I'm attempting to complete an experiment whereby a neural network music analysis program is created using Keras, and the number of layers in the neural network is modified to find the effect on performance. This is my source for the program.

I have previously encountered several errors in my program and, on the advice of another developer on Stack Overflow, I have decided to enlist the assistance of the sklearn library section.

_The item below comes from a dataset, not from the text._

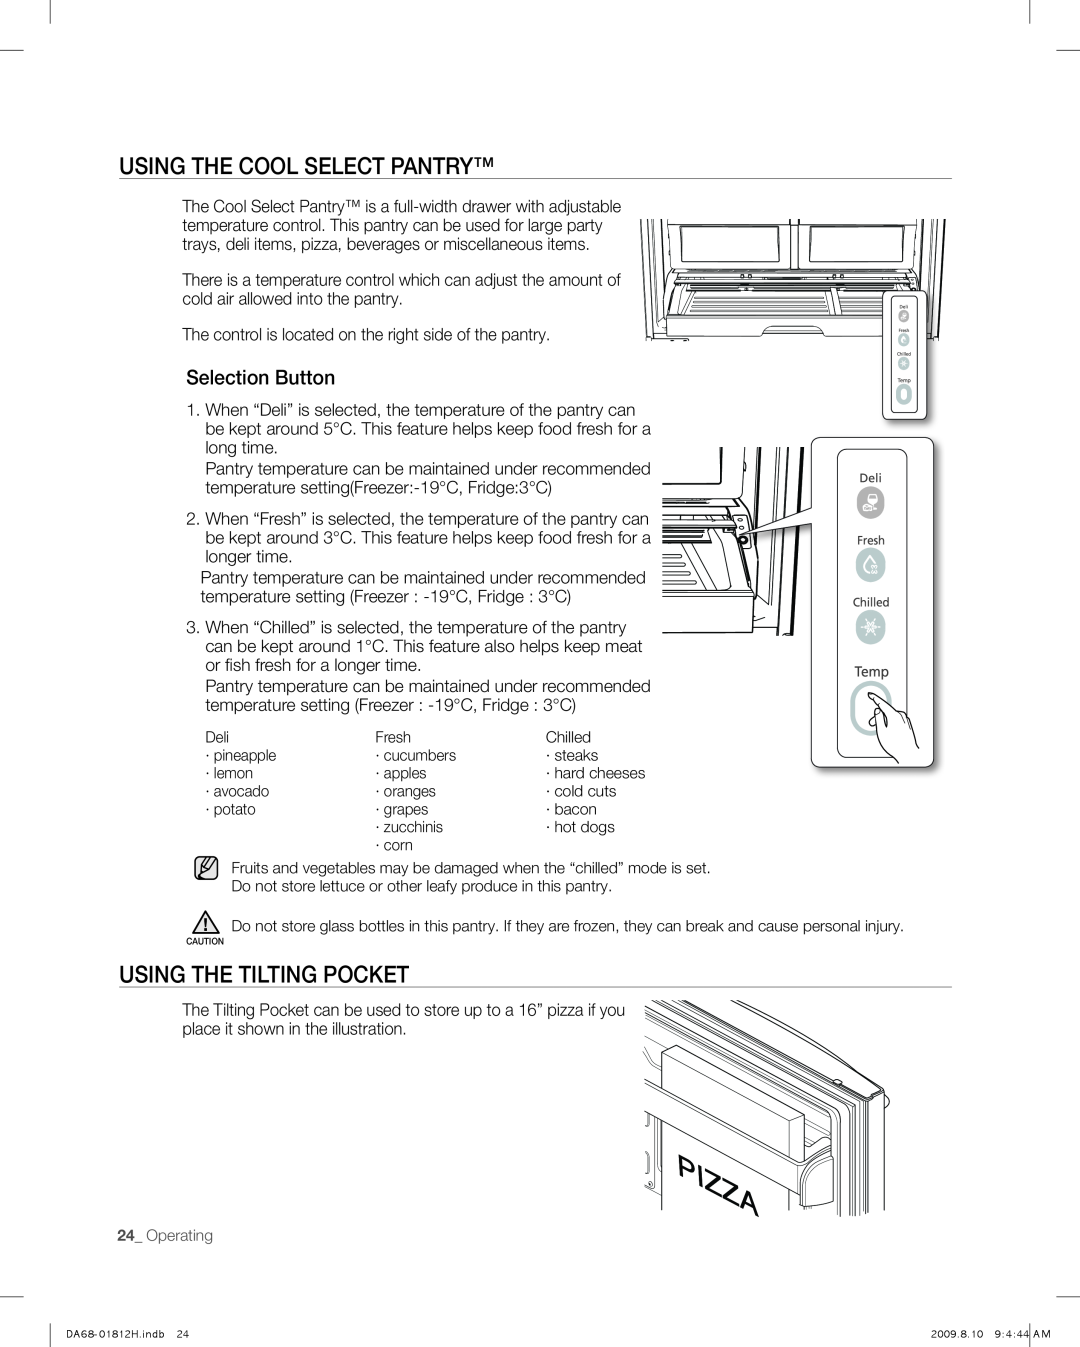 Samsung RF263 user manual Using The Cool Select Pantry, USING the tilting pocket, Selection Button

This is the code I am using:

import librosa
import librosa.feature
import librosa.display
import glob
import numpy as np
import matplotlib.pyplot as plt
from keras.models import Sequential
from keras.layers import Dense, Activation
from keras.utils.np_utils import to_categorical
from sklearn.model_selection import train_test_split,        
StratifiedShuffleSplit, StratifiedKFold



def display_mfcc(song):
    y, _ = librosa.load(song)
    mfcc = librosa.feature.mfcc(y)

    plt.figure(figsize=(10, 4))
    librosa.display.specshow(mfcc, x_axis='time', y_axis='mel')
    plt.colorbar()
    plt.title(song)
    plt.tight_layout()
    plt.show()


def extract_features_song(f):
    y, _ = librosa.load(f)

    mfcc = librosa.feature.mfcc(y)
    mfcc /= np.amax(np.absolute(mfcc))

    return np.ndarray.flatten(mfcc)[:25000]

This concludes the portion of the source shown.